En las encuestas de la UCA, cuando se preguntaba por la confiabilidad de instituciones o grupos sociales, los empresarios solían quedar en los últimos puestos. Solamente los partidos políticos y la Asamblea Legislativa quedaban detrás de ellos. En el sondeo de opinión presentado este martes, los empresarios quedan en último lugar. Dado que este sector tiene un enorme liderazgo en la vida social, es indispensable reflexionar sobre el porqué de esta baja calificación. Baja calificación, además, que ha sido sistemática a través de los últimos años, aunque sólo en esta ocasión se hayan colocado en el último lugar.
Lo primero es matizar el hecho. Generalmente, cuando se pregunta por los empresarios, la gente piensa en la gran empresa. No hay en el país una condena a los dinamismos de la empresarialidad. Esto es así porque El Salvador es en realidad un país de microempresarios, la mayoría de ellos moviéndose en el ámbito de lo que llamamos economía informal. No sería lógico que las personas encuestadas, muchas de ellas propietarias —o parientes de propietarios— de un pequeño negocio o que combinan su trabajo ordinario con ventas de diverso tipo, hablaran mal de su propia labor. No se trata, pues, de un desprecio hacia las virtudes o la práctica empresarial en general, sino a determinadas prácticas empresariales ubicadas generalmente en la cúpula de la pirámide social. O al menos sentidas y entendidas de esa manera por la gente común a la que se le pasa la encuesta.
Dicho esto, podemos reflexionar sobre las causas de este bajo aprecio, que sin duda son múltiples y diversas. En primer lugar, la gran empresa se ha visto demasiado inmiscuida en la política. Y la política no es un campo apreciado. Tener grandes representantes en el poder, Coena incluido, durante los 20 años de Arena, no ha hecho ningún bien al concepto que la gente tiene del empresario. Incluso no faltan quienes piensan que el prestigio y la popularidad que el ex presidente Saca mantuvo se debió, entre otras razones, al hecho de dar una imagen de independencia del empresariado. Empresarios que por cierto son ahora los que le están expulsando de su partido.
Dado que una buena parte de la responsabilidad de la crisis internacional se le está imputando a grandes empresas, no es de extrañar que el propio deterioro de Arena, unido al concepto de grandes empresarios controlando este partido, haya ocasionado un mayor deterioro de la imagen empresarial en la opinión pública.

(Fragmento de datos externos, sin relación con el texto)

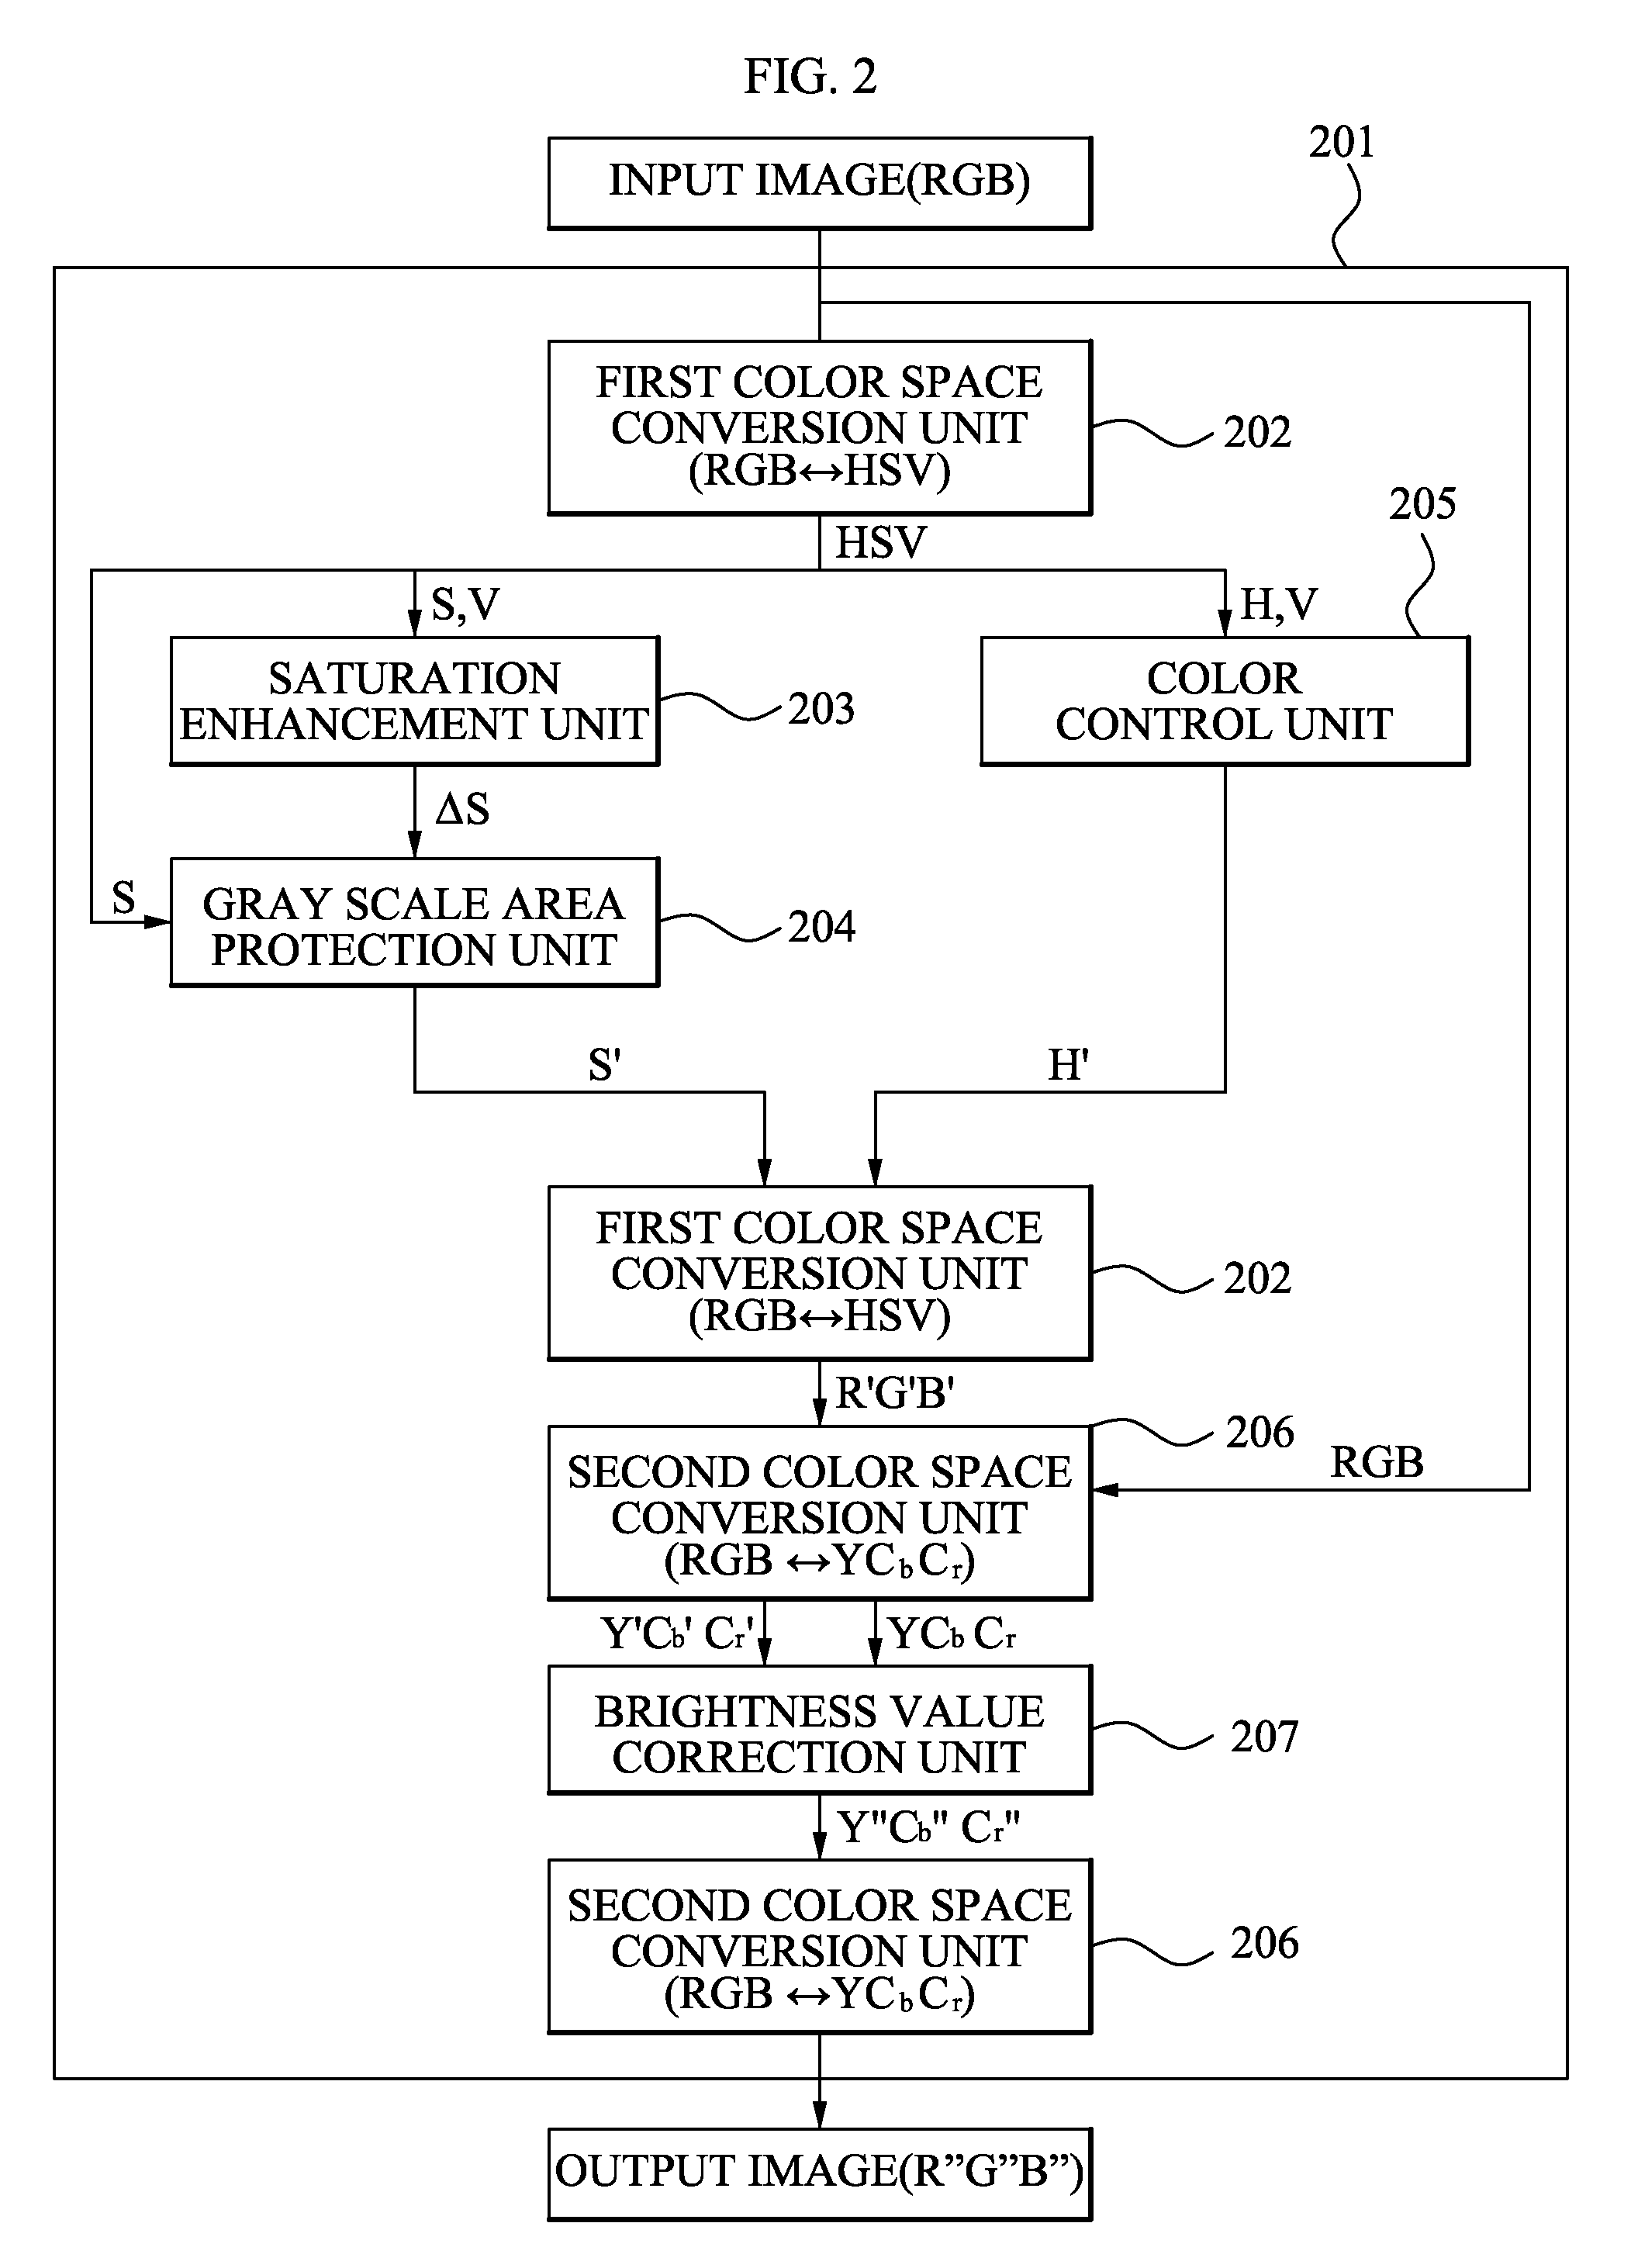 Apparatus and method of enhancing color of image

Un segundo elemento que debilita la imagen de los empresarios es percibir en ellos —en los grandes al menos— una especie de indiferencia ante los efectos que la crisis causa en los pobres. Su negativa a una reforma fiscal que, en definitiva, lleve a un mejor reparto de la riqueza producida entre todos se ha convertido en un escándalo en un país como el nuestro, donde la pobreza ha aumentado dramáticamente en los últimos dos años. El sector pudiente sigue dando la impresión de que la crisis no afecta sus niveles de vida, vehículos, estilos de gasto y de derroche. Y aunque no todos los empresarios son así, basta con que una buena proporción de los más pudientes muestren niveles de vida privilegiados para que un buen sector de la población en apretura económica se resienta.
Esta situación es por definición preocupante, porque el liderazgo del empresariado en el país no sólo es innegable, sino que también es indispensable para el desarrollo del conjunto nacional. Un empresariado excesivamente complicado en la política, buscando favores desde arriba, arriesgando poco, mirando con cierta complicidad la corrupción mientras le favorece, no puede desempeñar la labor emprendedora, dinamizadora y de construcción de futuro que se esperaría del mismo.
Generalmente, la opinión de la gente sobre la calidad de nuestros empresarios no suele preocupar demasiado al propio sector, al menos mientras se sigan consumiendo sus productos y frecuentando sus tiendas y negocios. Sin embargo, en el mediano y largo plazo, el hecho de que la gente no confíe en el empresariado nacional incide en que la propia cultura empresarial dinámica y creativa quede fuera de la valoración popular. Y si no somos capaces de valorar el ingenio y la creatividad, de poco nos valdrá la laboriosidad de la que solemos presumir. Un empresariado con mayor conciencia y responsabilidad social, con posiciones más abiertas a la hora de compartir la riqueza, con mayor rechazo y energía crítica frente a la corrupción o al favoritismo político vinculado al negocio, es indispensable para el desarrollo en El Salvador. Ojalá que la baja valoración en la que se tiene al gran empresariado ayude a los miembros de ese gremio a reflexionar y dar muestras de una mayor preocupación por el bien común.